Q: You mentioned earlier that regulatory uncertainty was like one of the major challenges. How do you navigate such regulatory uncertainty and what would you want from the incoming administration in the US in order to help the clean hydrogen industry?

A: You always want options and the ability for a project to pivot as much as possible. Part of that is site selection and market potential, but also being aware of the regulatory environment, as you mentioned, and how that impacts your projects from a fundamental perspective and risk profile.

As a part of that, having a sound government relations and communication strategy and underpinning that with quality relationships is really key to navigating that uncertainty. Awareness and information is key, and you have to be able to get the right information in a timely manner to determine if you're going to pivot,stay the course, wait it out move on a variety of different strategic decisions. From a go forward perspective, definitely we'd like to see clarity on the IRA in a positive finality, that would be the first item. 

Second, as I mentioned, would be demand-side support mechanisms to help overcome that adoption inertia that we see in the markets. And I think third, a positive regulatory environment to help progress permitting of these projects. Hydrogen and hydrogen derivatives are sometimes a new language, depending on what region you're in, and that can prove to be challenging. So, having a regulatory environment that can help us progress through that in a responsible and timely fashion is only a positive for us.

 

Q: Where globally have you seen the greatest success in the build-out of hydrogen and ammonia projects? And what lessons do you think can be applied in the US?

A: The hydrogen and ammonia market is definitely emerging – I will say ammonia has been around a long time, but not some of the feedstock that goes into that in terms of production and even storage. I’d say the EU, through its clear policy incentives and regulatory support – when you look at things like the Renewable Energy Directive and the REPowerEU and others – it provides a framework, expectations, timelines and targets. 

I would also mention that the Middle East has been seeing success through billions of dollars of investment and progressing large-scale projects. When looking at the resource mix and availability there, I think that region has high potential for hydrogen and hydrogen derivatives. Between those leading regions, I think a few things could be translated to the US. The one we have already touched on is supportive and clear policy, I think that is key. And then I think another one too is that there's a broad geography and broad resource availability in the US. 

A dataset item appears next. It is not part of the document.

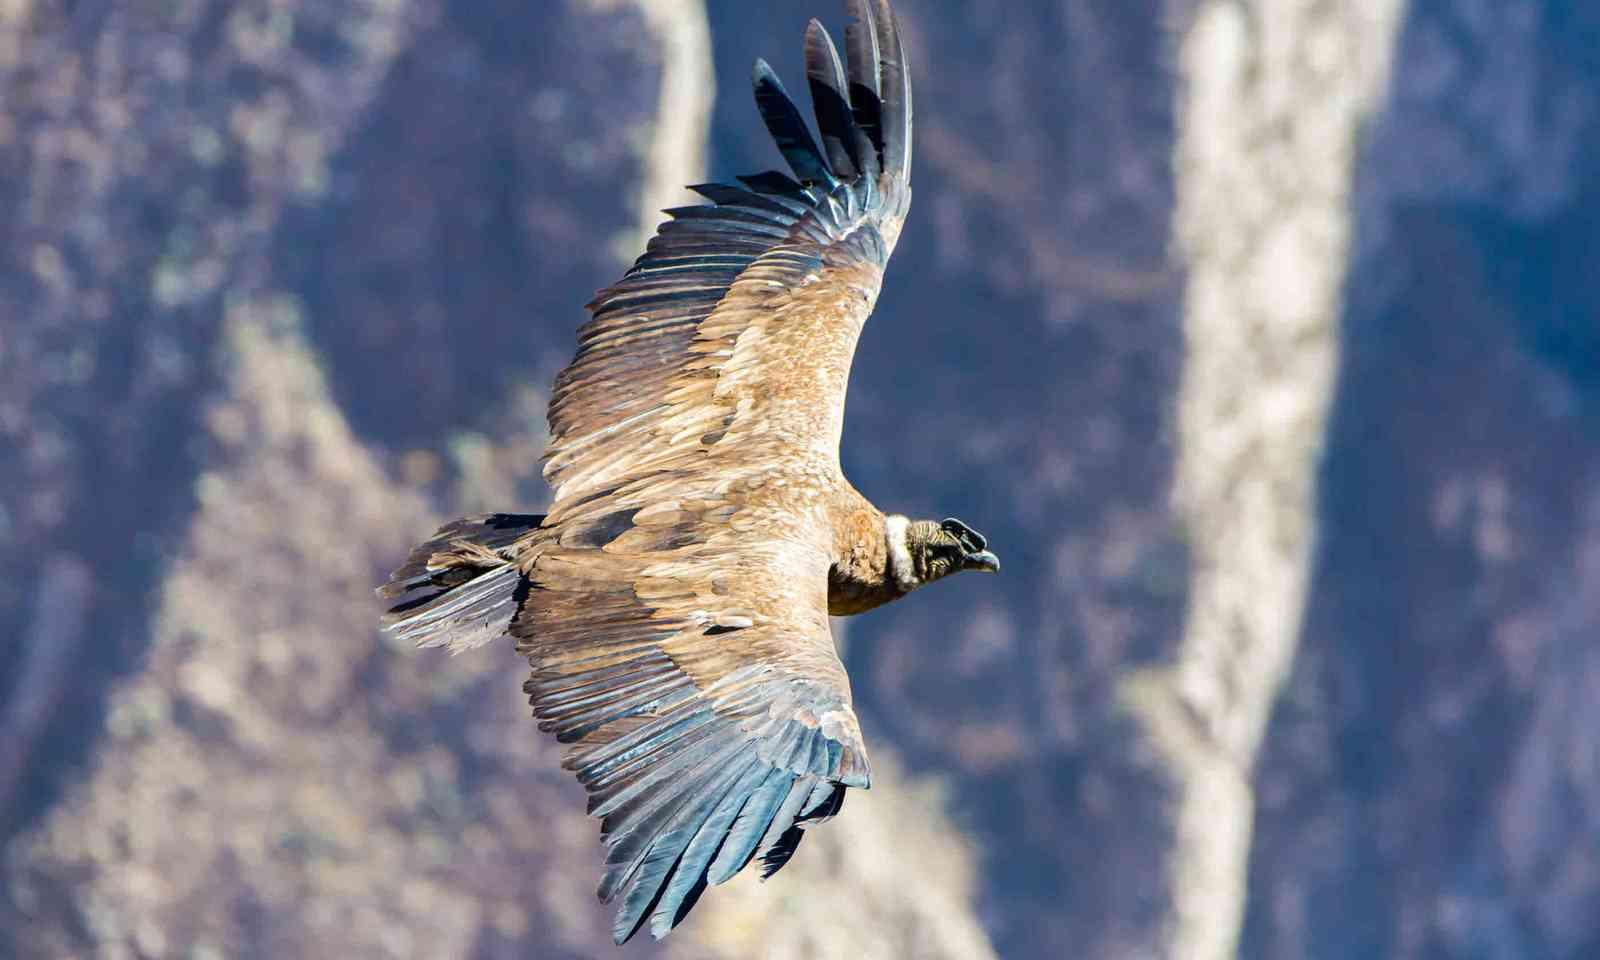 Flying condor over Colca canyon, Peru (Shutterstock)

I think embracing those resources – not only from a wind and solar but also a geothermal and geology perspective – can help progress our industry forward. It's leveraging the positives that we have in the projects that we do.

 

Q: What is your outlook for the future and what do you want from the industry as you look ahead?

A: I'm certainly optimistic about hydrogen and its derivatives, ammonia and others. But I'd say the progress has been slow, I think for a variety of reasons, some of which we've discussed. But I'll also say the industry has had its fair share of empty projects. The more of those projects get announced and subsequently evaporate and go nowhere, the more that slows the broader industry. I think it's incumbent upon us to ensure that we are diligent in the projects we develop.

I would say maybe even a longer-term view and a general market opinion is, when it comes to hydrogen, I see a market where, instead of talking about green or blue hydrogen and ammonia and it becomes more of an index on a no-to-low-carbon scale. I think that creates a clear dialog framework, enables flexibility on how the end product is made or mixed, but also moves the production to a more technology-agnostic discussion. So, having that technology-agnostic hydrogen ammonia be categorized by no-to-low carbon – a CI score, carbon index score, carbon footprint score, whatever you want to call it – I could see us moving in that direction. But I think probably a bit more progress needs to be made, and industry needs to have a better foothold, and larger installed capacity.